Жить, господа, и значит – жить!


2020

У года вытекли глаза.

Лежат с инфарктом перемены.

И инфернальное «нельзя»

Наполнилось бетонной пеной.


Оброс концлагерь бытия

Колючей проволокой страха.

Сверкает высший судия

Всемирной полицейской бляхой.


Нет холодов и голодух,

Весна пришла без опозданья…

Венчают человечий дух

С бедой безликие пираньи.


Объятия любви сухи.

Заплесневели поцелуи.

За непонятные грехи

Аминь меняет аллилуйю.


Уже не будет «как всегда»,

Господний замысел разрушен.

И в легких пенится вода,

Помалу заполняя душу.


В бескровном ужасе войны

Ни правых нет, ни виноватых.

Лежат в госпиталях страны

Невоевавшие солдаты.


Увы – прогрессу нечем крыть.

Сейчас избавить нас от гнуса

Мы будем вежливо просить

Мухаммада и Иисуса.


Всемирный потоп

Мир мой! Создан ты из кусков штукатурки,

Обвалившихся при сотворенье Вселенной.

И Господь, возмущенный живучестью окиси кальция,

Просто залил водою ошибки творенья.

И безвидно над водами плавились звезды-окурки,

Там, мечтая о жабрах, ушло за коленом колено…

Только Ной за труды заслужил сатисфакцию

Приснопамятного, пробно-ошибочного повторенья.


Потоп был всеобщим, но божественно кратким.

После него история обрела внятное начало.

И сыновья Ноевы – уже библейские Сим, Хам и Яфет

Грешили умеренно, не искривляя совершенства.

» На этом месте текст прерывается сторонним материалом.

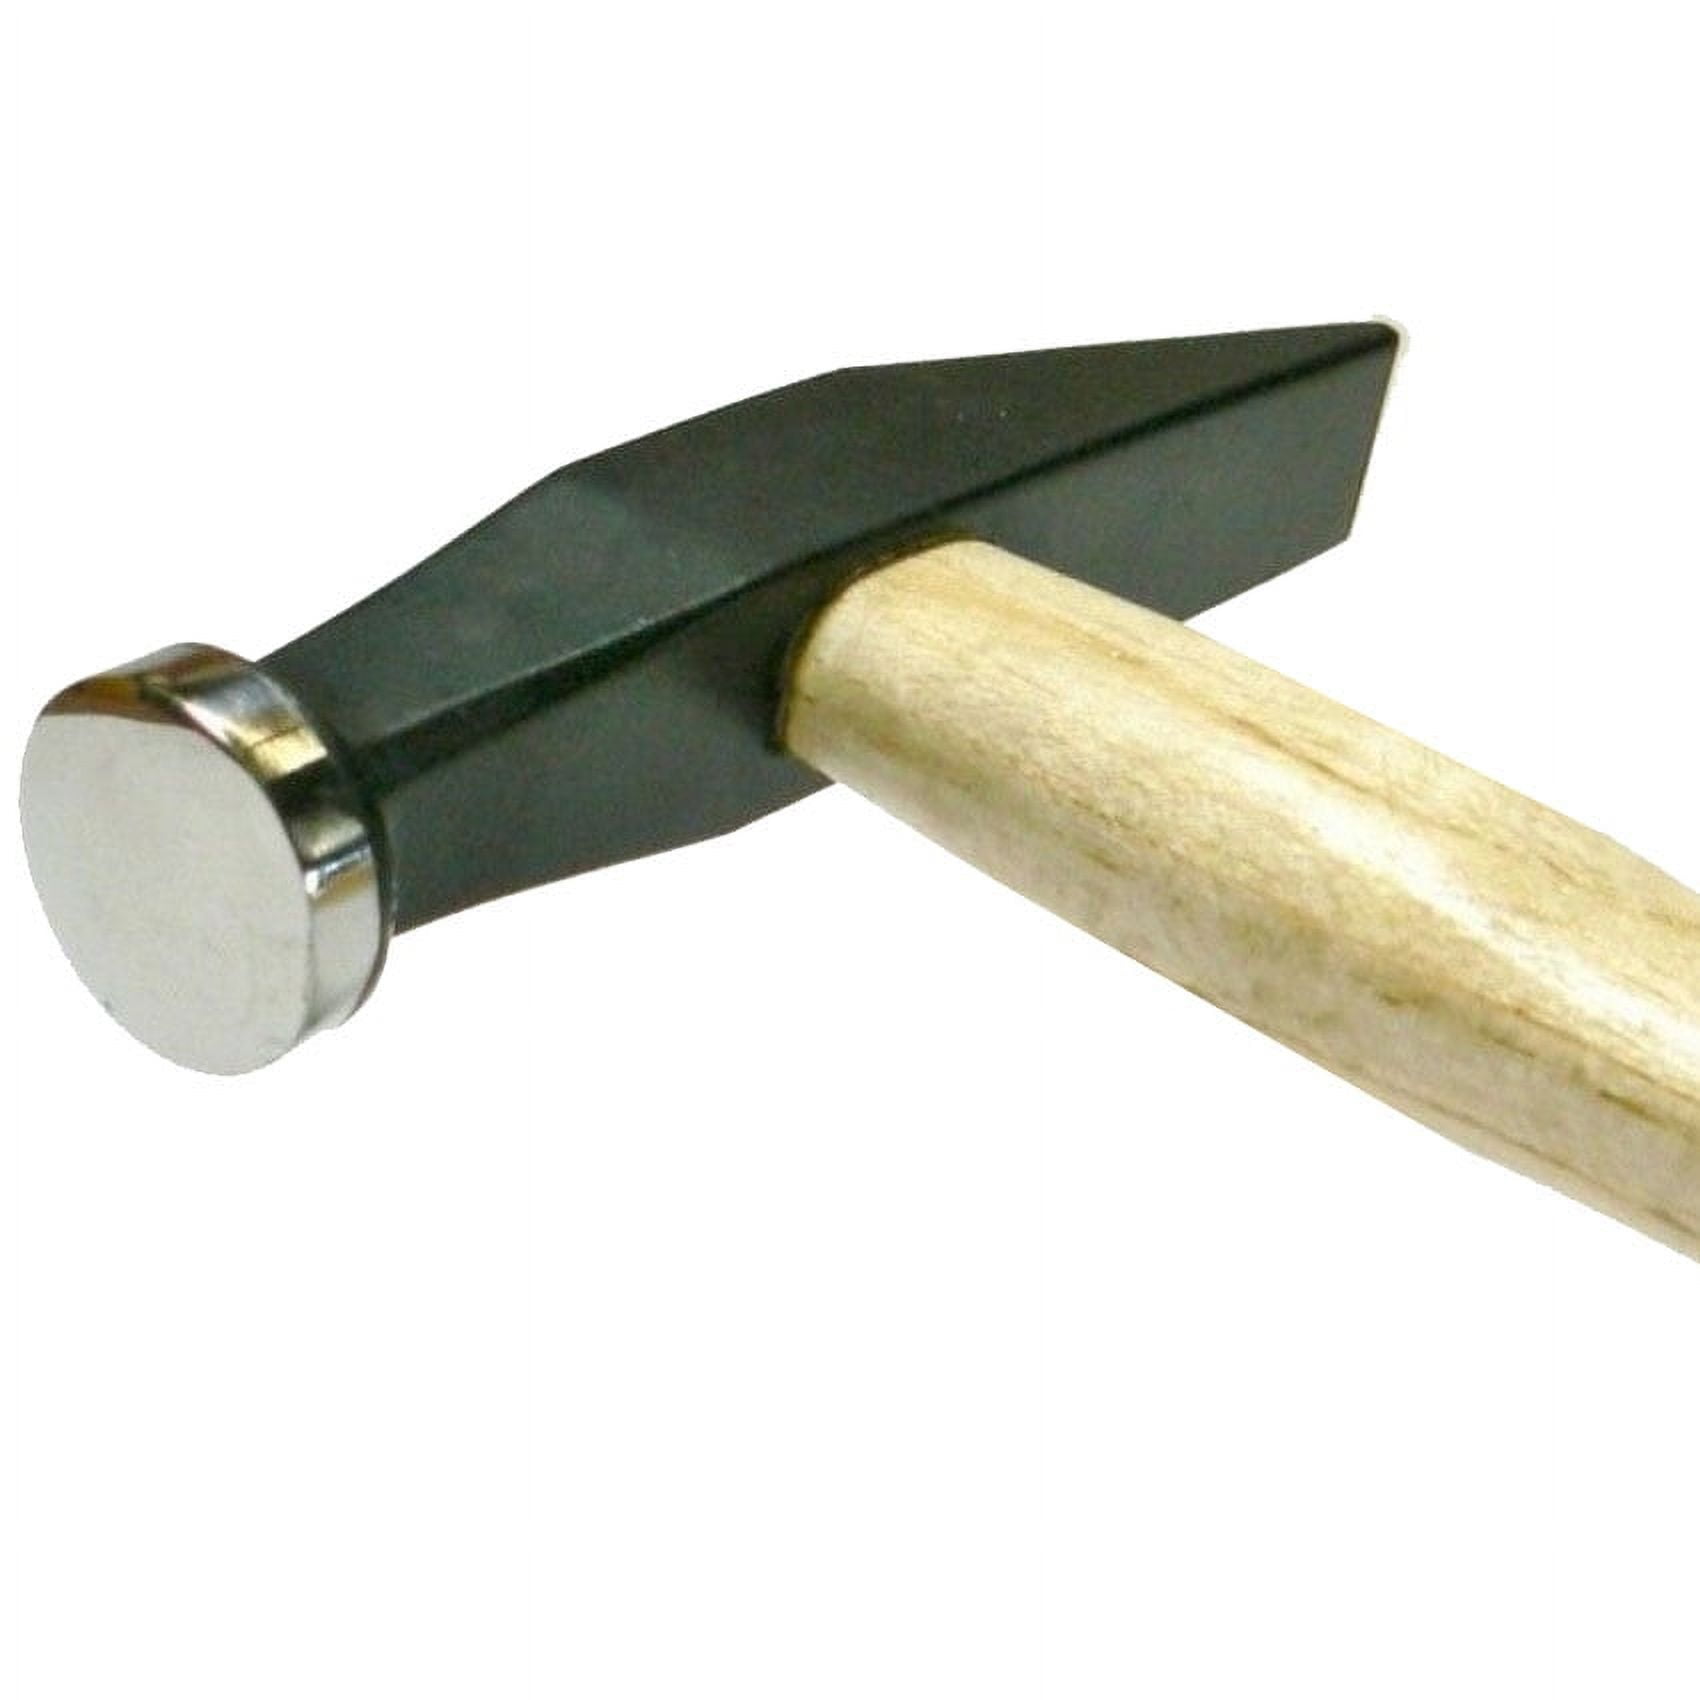 Antique Warner’s 2 7/8” Cross Peen Jewelers Hammer Original Handle H

Ткань населенья земли получила цветные заплатки,

Все, что могло цвести, – цвело, что могло рожать, – рожало.

Греховные мысли выжег божественный свет,

И грех сменил пол мужской на женский.


Обычный эксперимент с подручными средствами.

Нет урановых шахт. Нет кирпичных печей Освенцима.

Рекам крови не заполнить океаны потопа,

Безумию прогресса за неделю не выжечь мозг.

И благие намеренья грядут испорченными невестами,

Мощь колен иудейских уже обернулась коленцами…

Выскребают небесную высь начиненные нами циклопы,

И ревут ураганы когда-то задуманных гроз.


Мне одно непонятно: зачем утопил Он безгрешных,

Никогда не грешивших животных, зверей и червей?..

Пауков, змей, жуков под горячую руку зашиб…

Пощадив лишь рыбье да орлов на холодных вершинах.

Почему не пошел до конца – не прикончил врагов своих

внешних

И не отдал зверью исправленье ошибки своей?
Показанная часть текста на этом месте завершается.